Investing.com - West Texas Intermediate oil futures briefly topped the key $105-a-barrel level on Tuesday, as market players awaited key U.S. weekly supply data to gauge the strength of oil demand from the world's largest consumer.
On the New York Mercantile Exchange, U.S. crude oil for delivery in July rose to a session high of $105.05 a barrel, the most since March 3, before trimming gains to last trade at $104.61 during U.S. morning hours, up 0.19%, or 20 cents.
U.S. oil futures jumped 1.7%, or $1.75, on Monday to settle at $104.41 a barrel.
New York-traded oil futures were likely to find support at $102.62 a barrel, the low from June 9 and resistance at $105.22 a barrel, the high from March 3.

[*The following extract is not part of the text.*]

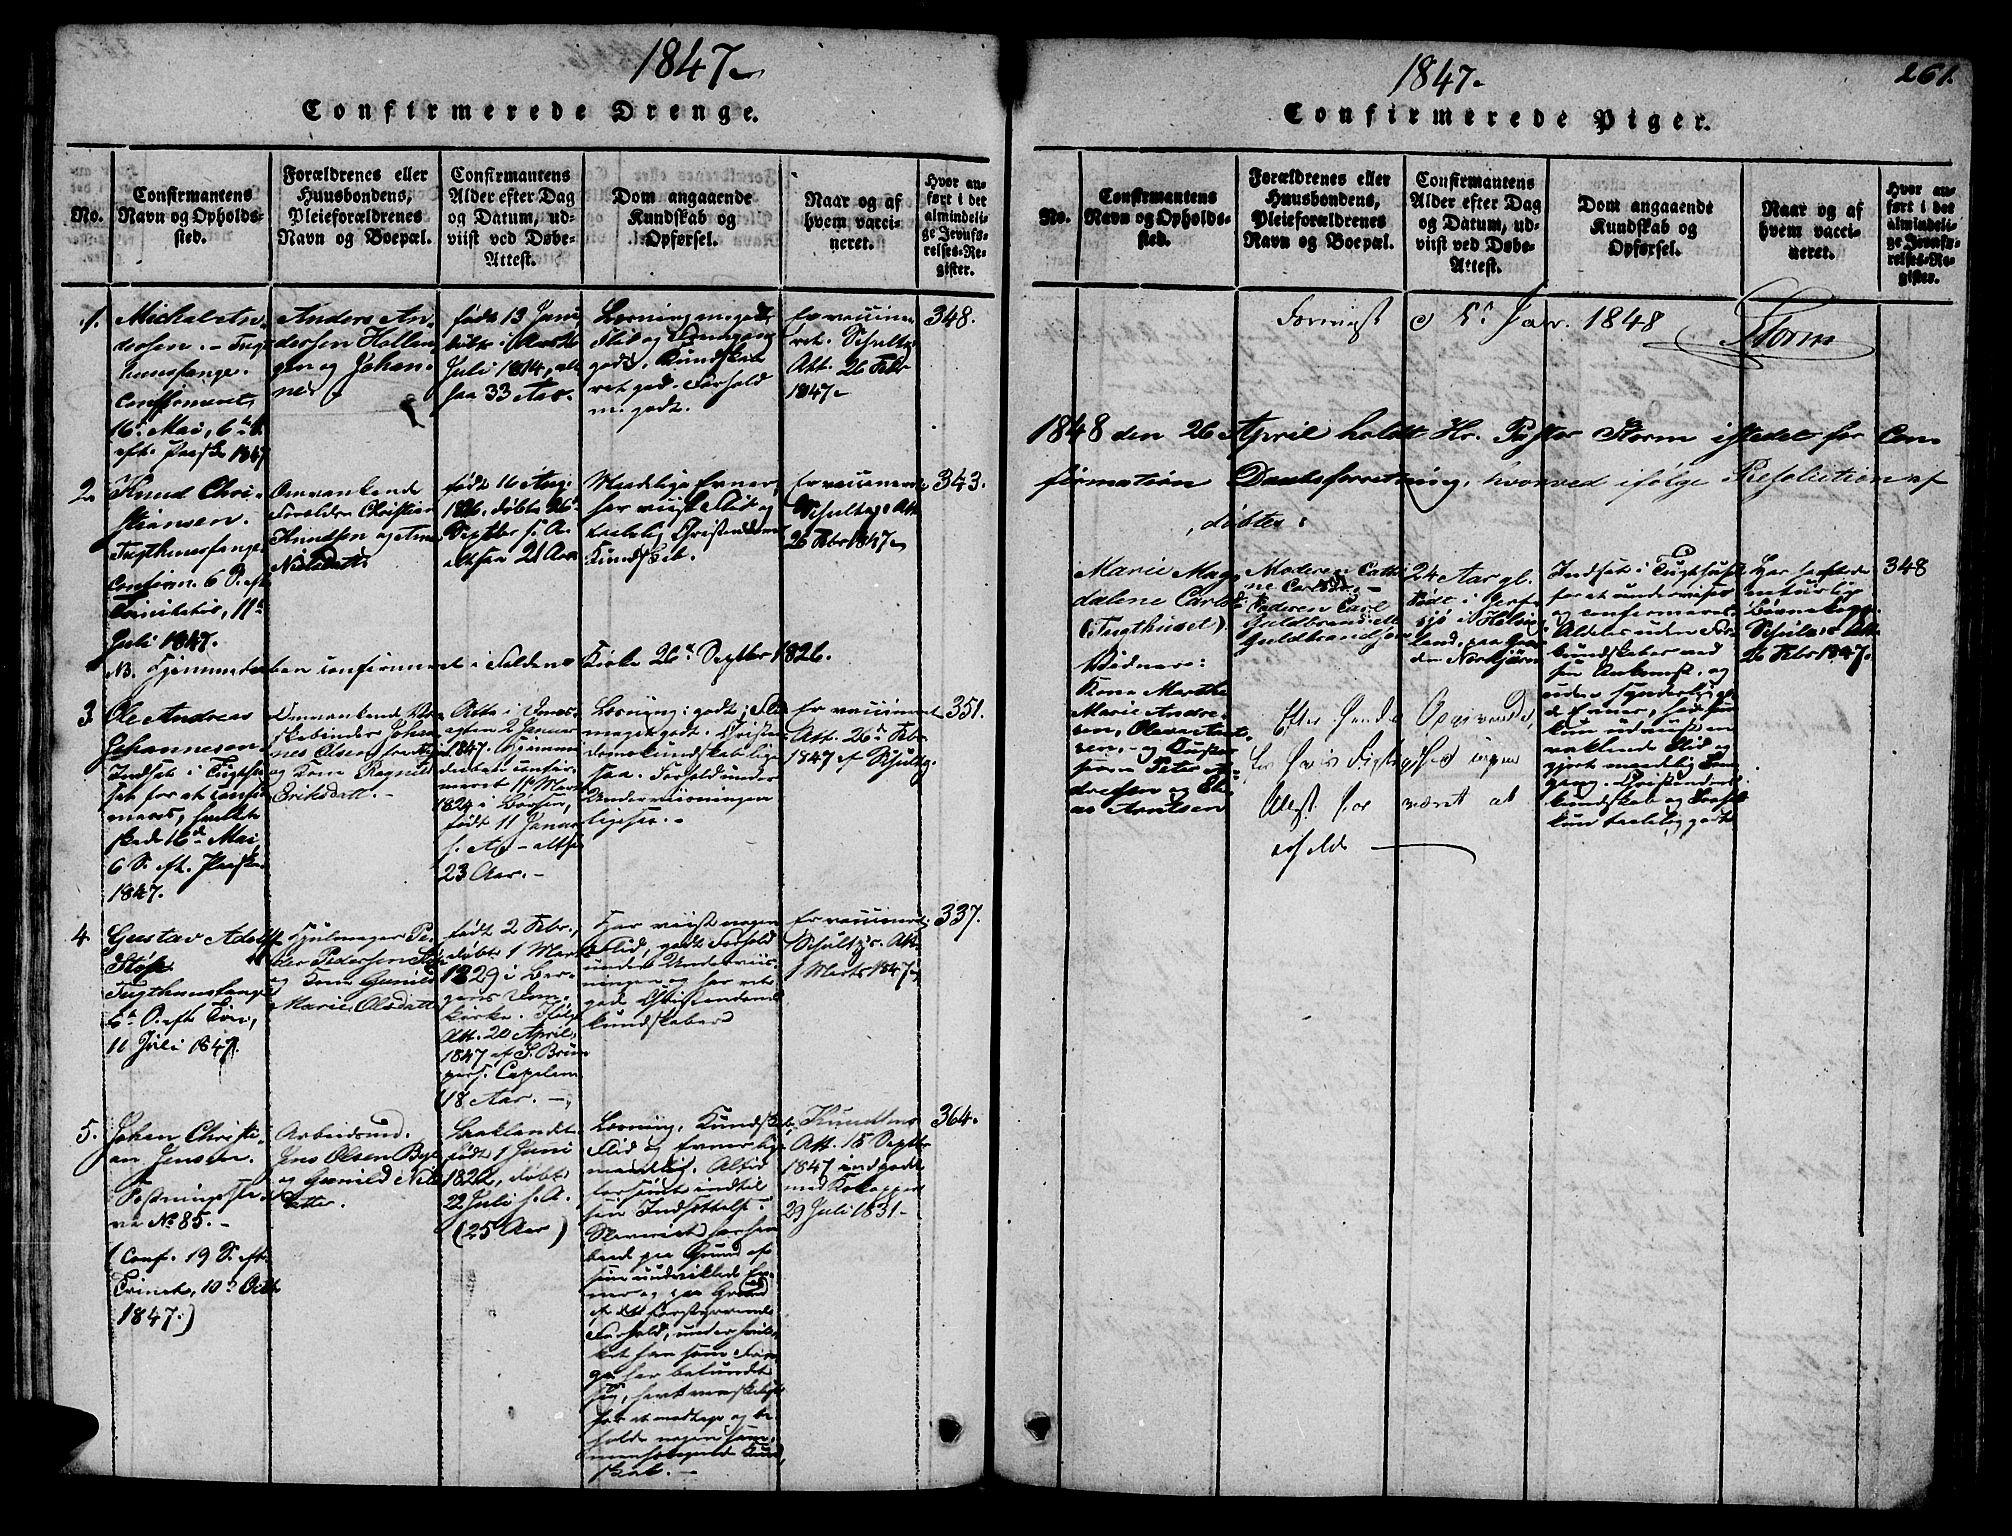 SAT, Ministerialprotokoller, klokkerbøker og fødselsregistre - Sør-Trøndelag, 623/L0478: Klokkerbok nr. 623C01, 1815-1873, s. 261

The American Petroleum Institute will release its inventories report later in the day, while Wednesday's government report could show crude stockpiles fell by 1.5 million barrels in the week ended June 6.
Oil traders were also looking ahead to Wednesday's meeting of the Organization of Petroleum Exporting Countries in Vienna, amid expectations the organization will maintain its production quota at 30 million.
The 12-member group is responsible for approximately 40% of global supply.
Elsewhere, on the ICE Futures Exchange in London, Brent oil for August delivery shed 0.15%, or 17 cents, to trade at $108.99 a barrel, while the spread between the Brent and U.S. crude contracts stood at $4.38 a barrel.
The spread narrowest to the lowest since April as receding stockpiles at Cushing, Oklahoma, the delivery point for Nymex oil futures, eased concerns over a supply glut.